Saisie des biens criminels : Le Mali approuve ses outils de récupération et envisage la confiscation sans condamnation
Dans le cadre de l'activation de l’Agence de Récupération et de Gestion des Biens Saisis ou Confisqués (ARGASC), un atelier a été organisé par l'agence pour valider les outils de récupération et réfléchir à la mise en place de la confiscation sans condamnation pénale.
La cérémonie d’ouverture de cet atelier a été dirigée par Daouda Sissoko, conseiller technique au ministère de la Justice, en présence du directeur général d'ARGASC, Oumar Traore, et de Yahya Amadou BA, représentant du PNUD au Mali.
Durant deux jours, les principaux intervenants de la chaîne pénale se sont réunis pour approuver des outils pratiques et efficaces pour la récupération et la gestion des biens saisis ou confisqués, tout en explorant en profondeur l'application de la confiscation sans condamnation pénale, récemment introduite par la loi n°2024-027.
Le représentant du PNUD a salué les récentes avancées législatives au Mali, incluant l'établissement d'un cadre légal permettant, dans certains cas, la confiscation sans condamnation pénale, voyant cela comme un atout supplémentaire dans la lutte contre l’impunité économique, en accord avec les normes internationales.
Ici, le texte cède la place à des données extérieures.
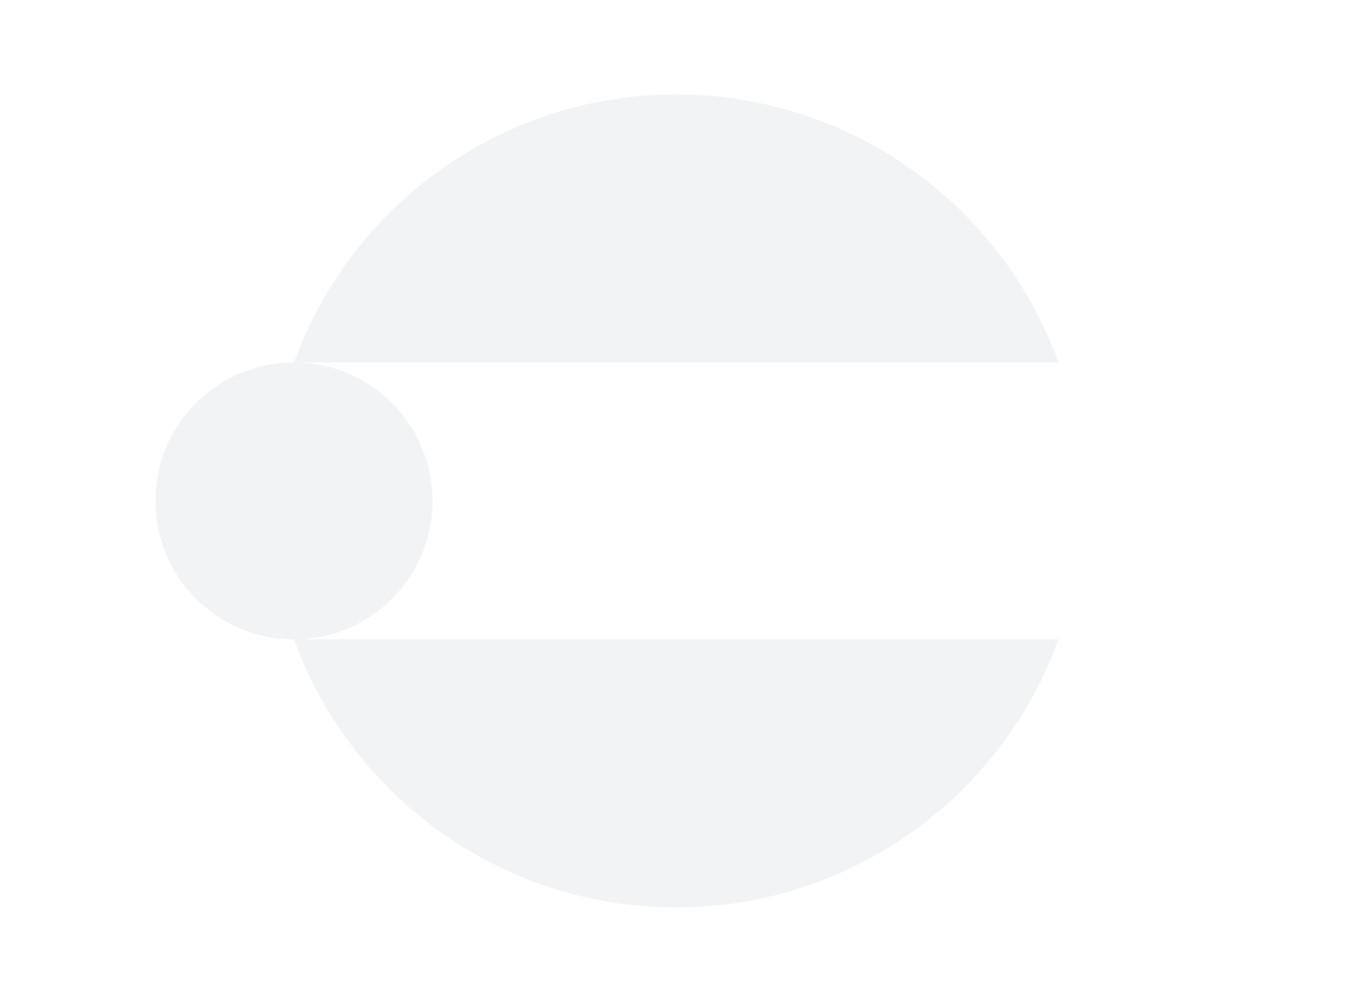 fabfilter total bundle 2017 keygen

Il a souligné que cet atelier fournirait aux magistrats, officiers de police judiciaire, greffiers et autres acteurs les outils nécessaires pour l'interception, la gestion et la restitution des biens criminels.
Le représentant du ministre a remercié le soutien constant du PNUD à travers le projet LUCCEI 2 aux structures engagées dans la lutte contre la corruption et la criminalité économique et financière, notamment l'ARGASC. Il a insisté sur l'importance pour l'ARGASC de renforcer la collaboration étroite avec les acteurs de la chaîne pénale, en particulier les magistrats et les services d’enquête, qui sont ses principaux fournisseurs de biens saisis ou confisqués. Il a encouragé les participants à des échanges engagés et constructifs.
Créée en 2022 à l'initiative du ministre de la Justice, l’ARGASC s’inscrit dans une démarche visant à moderniser et consolider les efforts pour combattre les crimes économiques et financiers, avec pour principal objectif la gestion des biens gelés, saisis ou confisqués.